Eugenio González
Altea Desarrollos

Saturation Drives Developer to Look for Greener Pastures

Wed, 11/01/2017 - 15:07

Metropolitan Monterrey has quickly become one of the country’s top areas for total number of commercial malls, with a new construction seemingly around every corner. But a failure to look outside traditional areas is driving up land prices and a great deal of purchasing power is being left on the table, according to Eugenio González, CEO of Altea Desarollos. “Certain areas of Monterrey’s real estate market are becoming saturated, following the paths of Guadalajara and Mexico City,” he says. “The Valle and Cumbres neighborhoods are oversaturated in terms of commercial real estate, but there are many regions that are areas of opportunity for developers to take advantage of.”

According to Colliers International’s 1H17 Commercial Market Overview, the metropolitan area of Monterrey has more than 266 shopping centers, with the vast majority in the municipality of San Pedro Garza Garcia, which is home to the state’s most prosperous neighborhoods. With more than 67 shopping malls and seven more under construction in 2017, the high demand for space has caused the prices of land in Valle to increase more than 110 percent in the last three years, also pushing up leasing prices. According to González, highly saturated areas are becoming risky for commercial centers because they are starting to experience high tenant turnover. “Competition is growing tougher and as a developer, it is clear that when tenants are constantly leaving, there is something going wrong,” he says.

But Nuevo Leon is a large state and Monterrey’s metropolitan area has many neighborhoods with high potential for developers that are willing to look outside the traditional locations. “In terms of square meters of commercial area per capita, Mexico is approaching the same area as the US without the same purchasing power,” González says. Shopping centers continue to be concentrated in the country’s most affluent areas while segments of the population with greater density but with a lower income per capita are overlooked. “I believe that these areas are not taken advantage of, not because of insecurity or that they do not yield attractive returns but because of social comfort,” he says. Paseo La Fe is one of Altea Desarrollo’s latest developments and it was designed to cater to the middle-income segment in the lesser-served

San Nicolas de los Garza neighborhood. This shopping center contains lower-budget stores like Forever 21, H&M, Bershka,
Pull and Bear, Liverpool and many others and González says that, among this demographic, it would be difficult for more
expensive stores such as Massimo Dutti to be successful. 227 “The brands were skeptical at first and initially created much smaller stores than they usually would have,” says González. “When the mall opened, they realized that they should have had more faith in this location.”

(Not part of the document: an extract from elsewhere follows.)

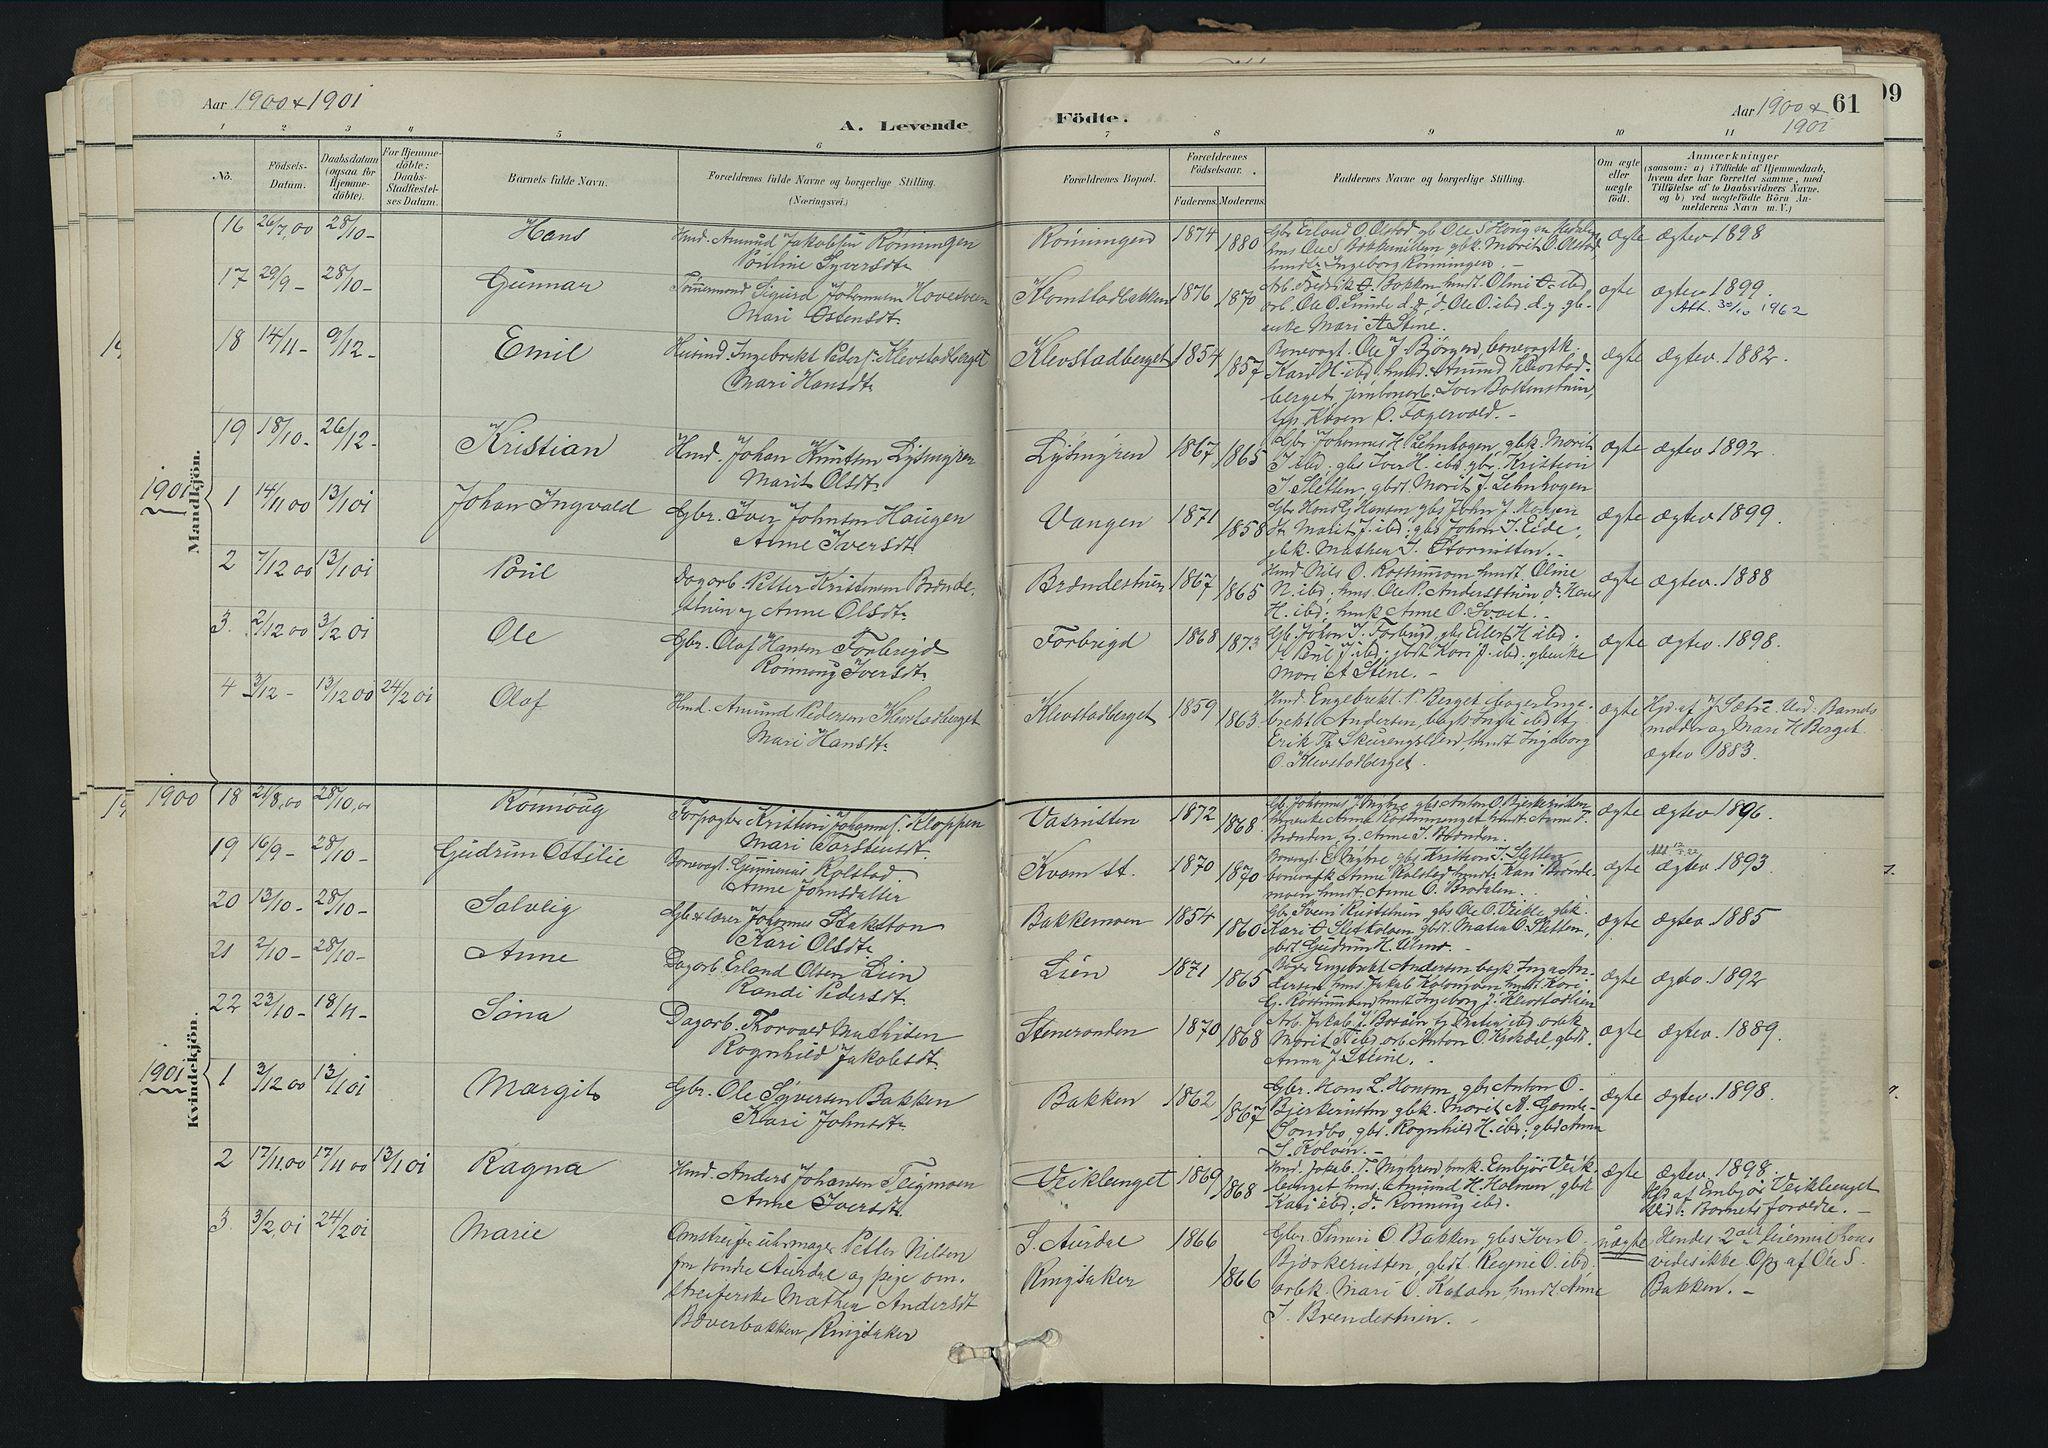 SAH, Nord-Fron prestekontor, Ministerialbok nr. 3, 1884-1914, s. 61

Altea Desarrollos took a leap of faith and is demonstrating that this model is profitable and even more attractive. “We expect to recover our investment for Paseo la Fe in seven to eight years, which is a healthy number, especially since the competition developing projects in Valle will not see a return for 20 years,” he says. González explains that at the moment, there is little competition in these areas and that the challenge is in understanding the largest segments of the country’s population. In lower-income communities, the traditional outdoor markets are where most of the commerce takes place. Families buy food, accessories, clothing, electronics and more from these informal markets but González believes that if they had a mall nearby, they would much rather spend their money there. “Many SMEs want to sell in a formal establishment but we need to make the prices accessible to them,” says González. He adds that these informal sellers currently pay “rent” to a labor union in order to sell goods in these outdoor markets. “This means that labor unions may pose another challenge when constructing a large mall in these areas,” he says. Nevertheless, he is confident that if the correct path is followed, problems can be averted.

Altea Desarrollos has also had a project under construction in Merida for a couple of years, but with the sudden real estate boom in the region, it decided to hold off its inauguration. “There are many companies building in Merida and I prefer to wait for the market to fully develop,” González says. “Merida is a market of 1 million inhabitants that has more shopping malls than Puebla.” In the meantime, Altea Desarrollos wants to keep building projects such as Paseo la Fe and bringing value to all cities across Mexico.